At the surface level, just trying to get a simple kind of sync happening it can be fairly simple, but once you get into more like nitty gritty details, it becomes a bigger problem.

[00:07:23] John Britton:

So you mean things like a user upgrades their plan level or cancels mid month and you have to do proration or what kinds of complexities are, are you seeing, like in the syncing layer? .

[00:07:34] Tyler Bell (Memberstack):

One of the things that comes top of my mind right now is around the different kind of status types that Stripe has been providing because one of the new status types that they provide, they've just released over the past couple of years is the status types that allow you to support strong customer authentication.

Kind of a common flow that people don't realize they need to account for and then later find out they do is imagine you have a customer that lives in, let's just say Europe and they have a credit card and their credit card requires SCA, which stands for strong customer authentication. It's kind of a new law that's been out for the past couple of years and it started in Europe but now it's spreading globally.

[00:08:15] John Britton:

Is this the thing where when you make a charge online, it opens up like a credit card company website, and you have to go through and like authenticate with them? Is that what you're talking about?

[00:08:22] Tyler Bell (Memberstack):

Exactly. It's exactly that. And what's interesting about it is that can occur off-site. When I say off-site what I'm essentially saying is like the member could try to process that payment, the bank could flag it and say, "okay, this, this user needs to authenticate this payment," and instead of having that be kind of a synchronous process the bank might send them a text, so they might be doing the, the authenticating on their phone, whereas they're on the computer.

So you have to listen to certain webhooks from Stripe and implement certain things from Stripe's APIs that allow for you to kind of listen in to, to know if that payment was successful and it all happens kind of asynchronously. It creates extra complexity on your applications backends in order, to do that.

[00:09:08] John Britton:

Yeah, it sounds like there's a lot of touch points for integrating payments and also for integrating, you know, kind of membership levels as well.
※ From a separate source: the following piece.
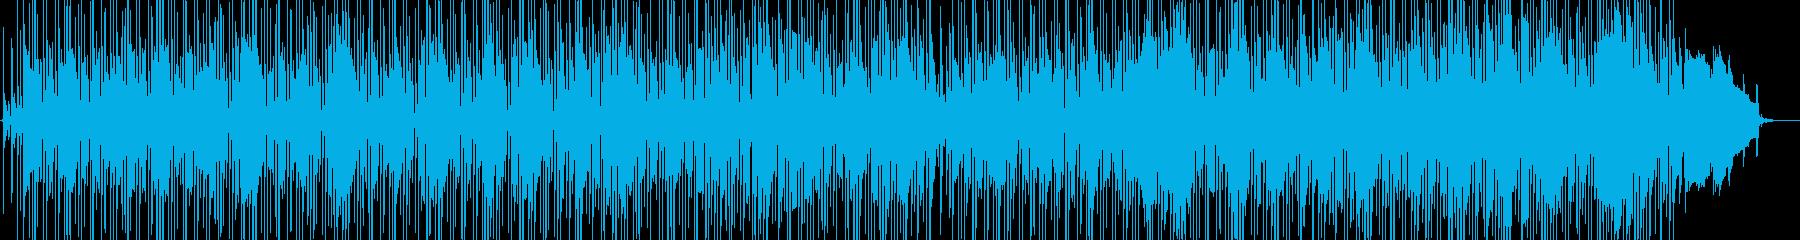 ムーディーなボサノバBGMの再生済みの波形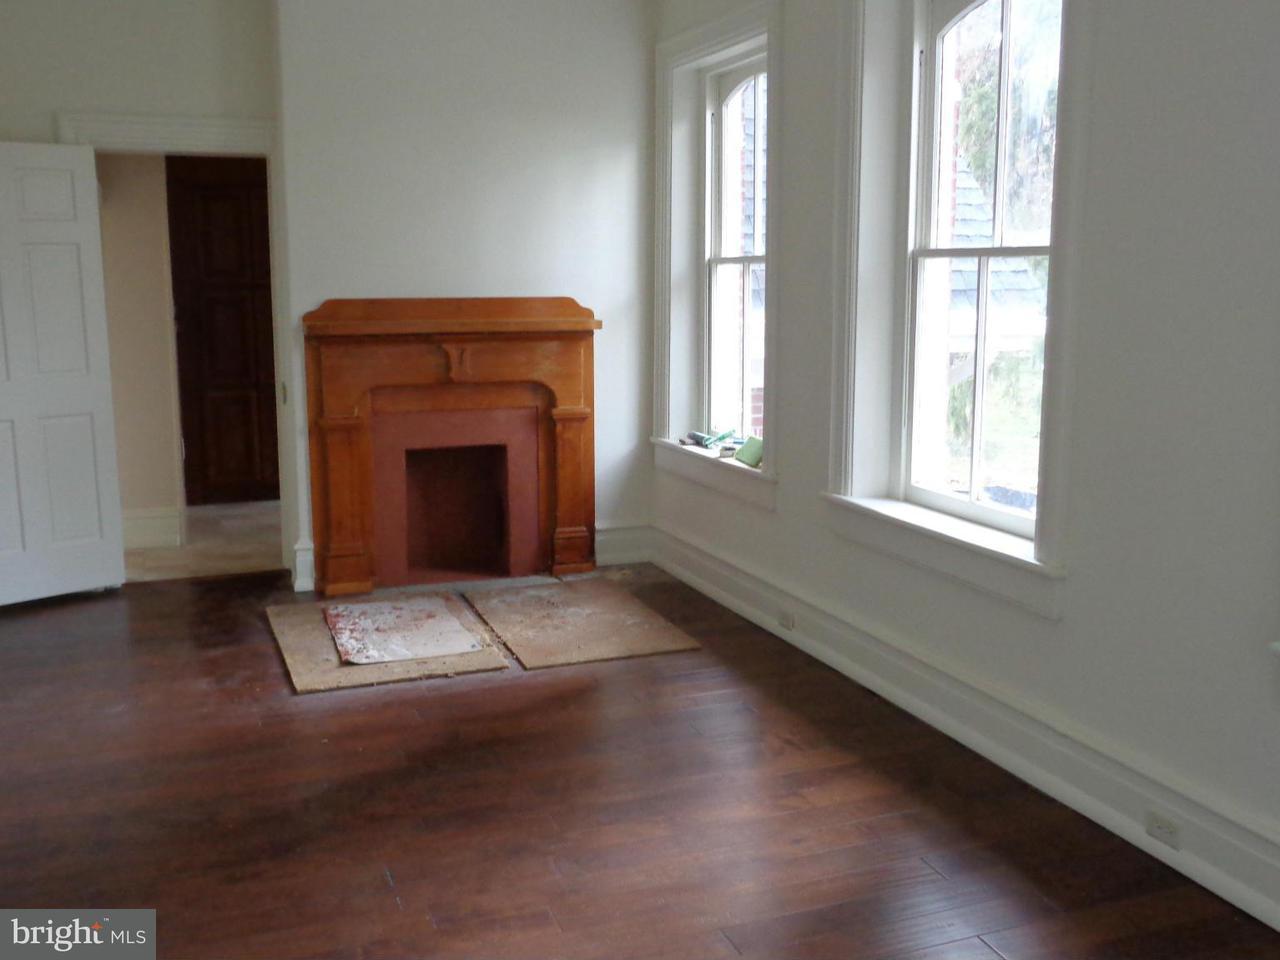 Maison unifamiliale pour l Vente à 213 PRINCE Street 213 PRINCE Street Shippensburg, Pennsylvanie 17257 États-Unis

When you initially started building Memberstack, what was the thing that motivated you? Did you have a particular product you were building and then, you know, you needed Memberstack or was there some other kind of origin?

[00:09:27] Tyler Bell (Memberstack):

We built Memberstack because we wanted to use the product ourself. We wanted to build a product that we would actually use ourselves. My business partner and I had, Duncan and I, we were, at that time, we were working on a product called Formatically and , it was a product centered around college students and high school students where we wanted to make it easier for college students and high school students to be able to format their papers.

In the process of building that product, we got to the stage of "like, okay, we need people to be able to log into this application and we need people to be able to pay for this application."

So I started doing a bunch of research on different ways to authenticate users and different ways to process payments and I found Firebase and Auth0 and found Stripe and Chargebee and kind of found all these different moving pieces that solved one part of the puzzle.

But I wanted to try to find a product that allowed us to do the auth and the payments at the same time. And I couldn't find anything. Duncan and I, we were just kinda talking one day and we're like, "you know, it might actually be an interesting side project to kind of spin up a product that we would actually like to see exist and let's build it and use it in the product that we were building," which was Formatically, at the time and we built it and we shared it with a couple of communities and it kind of blew up and people were like, "please keep improving this." And we were like, "all right, this. Is now our full-time gig."

[00:10:42] John Britton:

So the side project became the main project.

[00:10:45] Tyler Bell (Memberstack):

Exactly. Exactly.

[00:10:47] John Britton:

So I want to talk more about Memberstack and about this kind of space of authentication and payments.

How do you define what the boundary is for Memberstack? I'm sure you get a lot of user feedback for things that you could add, and it's always hard to say no, but what you leave out is really just as important as what you put in. What kind of guiding principles do you have for Memberstack?

[00:11:07] Tyler Bell (Memberstack):

So I will say boundaries for Memberstack has been quite the journey. Because initially, if someone sent us an email and they're like, "Hey guys, you really need to add this feature." We'd be like, "great. We'll add it, we don't care if it's going to take us three weeks to add this feature, we're going to do it."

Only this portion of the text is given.